In Sketches of the Bucks Countryside (1934), Horace Harman gives an account of an unusual kind of witch he heard on the taproom of the Harrow, on the road from Bishopstone to Stone. An old resident got talking and the conversation turned to witches. He said there had used to be ‘little witches’ about the fields, sitting on gates, and on the hurdles of the sheepfolds:
Sometimes when a shepherd went to look at his fold of sheep he would see every one of them looking up.. and had all got their heads turned in one direction As he got nearer he would see a funny looking little man sitting on the top bar of one of the hurdles, with a body shaped something like a toy balloon, with long legs, and a ‘pickid’ nose; and there he sat making all sorts of faces at the sheep. While he was doing that they could not take their eyes off him. When the shepherd got close to the fold the old witch would shout: ‘Hippy! Hippy! Over the hedge I go!’ and off he would gallop on the hurdle across the field and jump over the hedge, just like the wind. Then the sheep would start feeding again, and the shepherd would see no more of him for some time.

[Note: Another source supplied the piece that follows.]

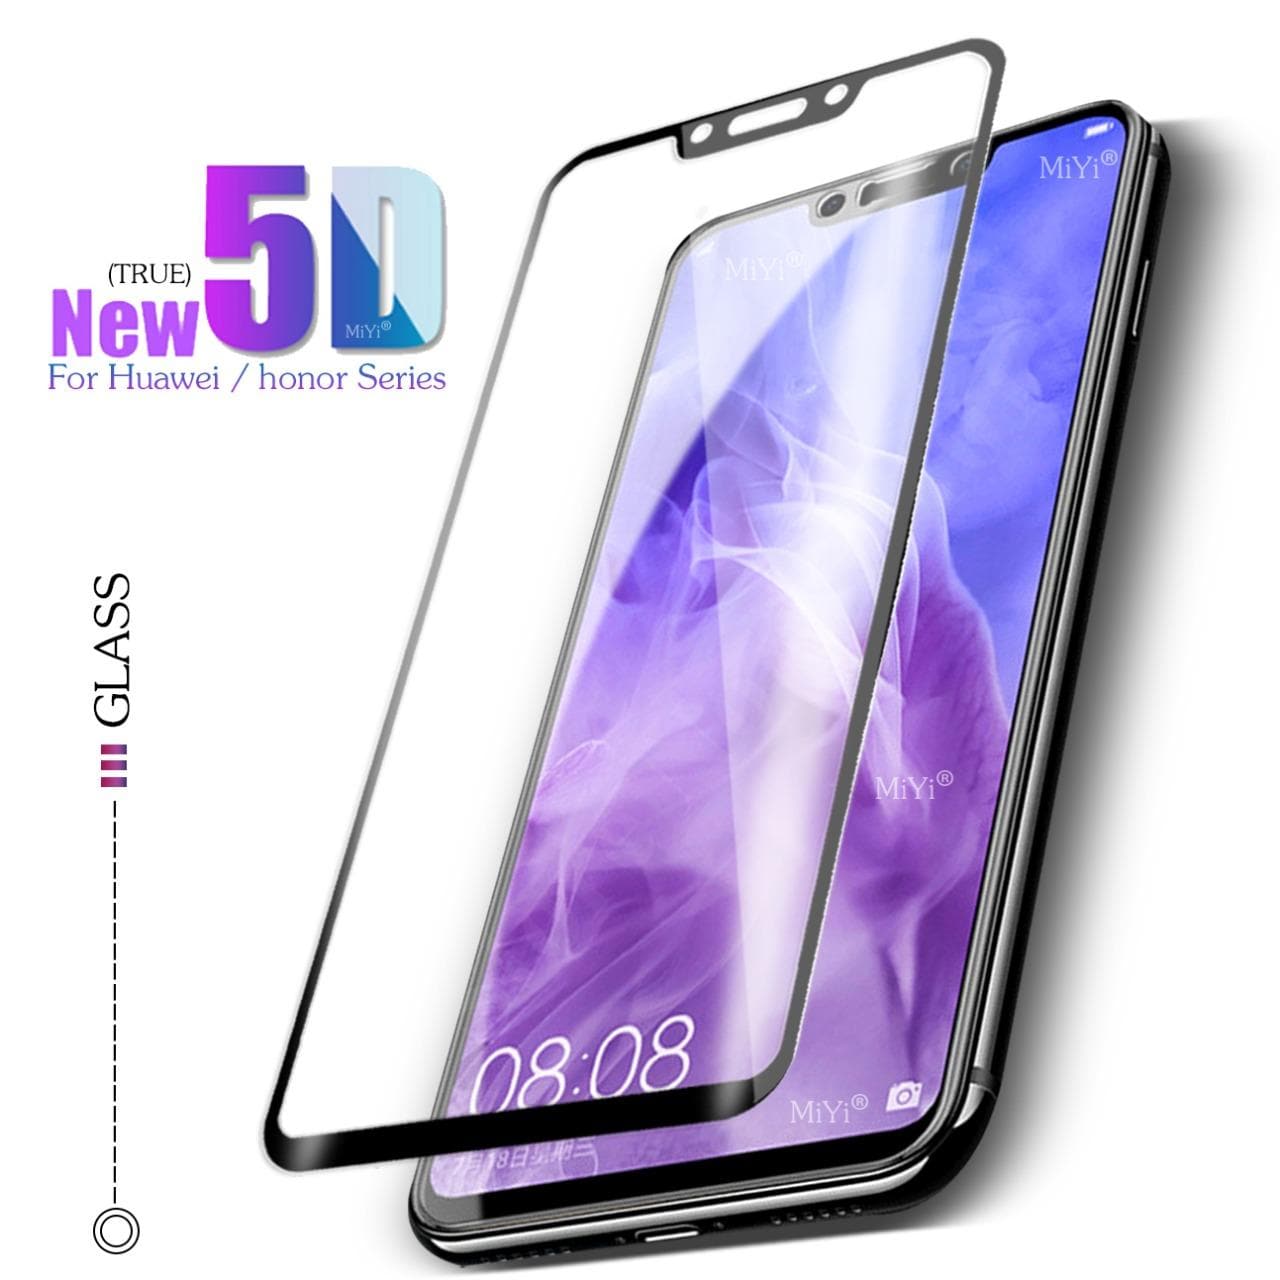 Huawei Branded 5D Full HD Tempered Glass

On another occasion, he asked an old coujntryman who lived near Bishopstone if he had ever seen ‘those little witches that went about the fields’. He answered, ‘No, I nivver did, but…I sin they little people as dances about in the moonlight.’ He said that, some years before, he had been night watchman at Eythrope House, and every night between midnight and one in the morning he had had to be ‘at the pavilion’. He always had a big dog with him in case he encountered poachers. One night, when the moon was getting towards full, he was standing under some laurels so no one would see him, when he heard a rustling in the leaves. He thought it was rabbits, but the dog kept growling and tugging on his chain. He tried to make him keep quiet, but the dog would never stay silent for long, so he went to see what was causing the noise.
What he thought was rabbits was little men:
‘I could see ivvery one of em as pleean as daylight and… they nivver took a bit of noatice a me ur mi dog, thought some an em come quite neuur the bush. They danced and jumped and cee-apered all round the pleeace and pulled such funny feeaces as I coont kaip my eyes aw fem. I looked at em fur some time and when it was time fur me to goo I left em a-gooin-an jest like they did when e fust see em.’
Harman asked if he had ever seen them again, and he said many times, but always by moonlight. They were not quite half the height of a walking stick and their heads seemed too big for their bodies. They had long faces that they pulled about every which way, with ‘pickid’ noses (like the ‘little witches’ Harman had been told of). They all wore short jackets, and had only very short thighs but long thin shanks so they seemed to be all legs. Every one was knock-kneed, but they could run like the wind.
He had heard that they came out of the cellar of the old house at Eythrope, which had been pulled down many years before, and he had not heard of anyone seeing them for a long time. He said that Eythrope used to be ‘a very funny pleeace’ and he knew a man who had seen a ghost there. He added that he expected the ghosts and little devils, as he called them, had something to do with Lord Stanhope when he lived at Eythrope House. Unfortunately, he did not enlarge on this, leaving us none the wiser. The little men in his account sound like Victorian or Edwardian fairies, though from their descriptions they clearly also had some connection with the ‘little witches’.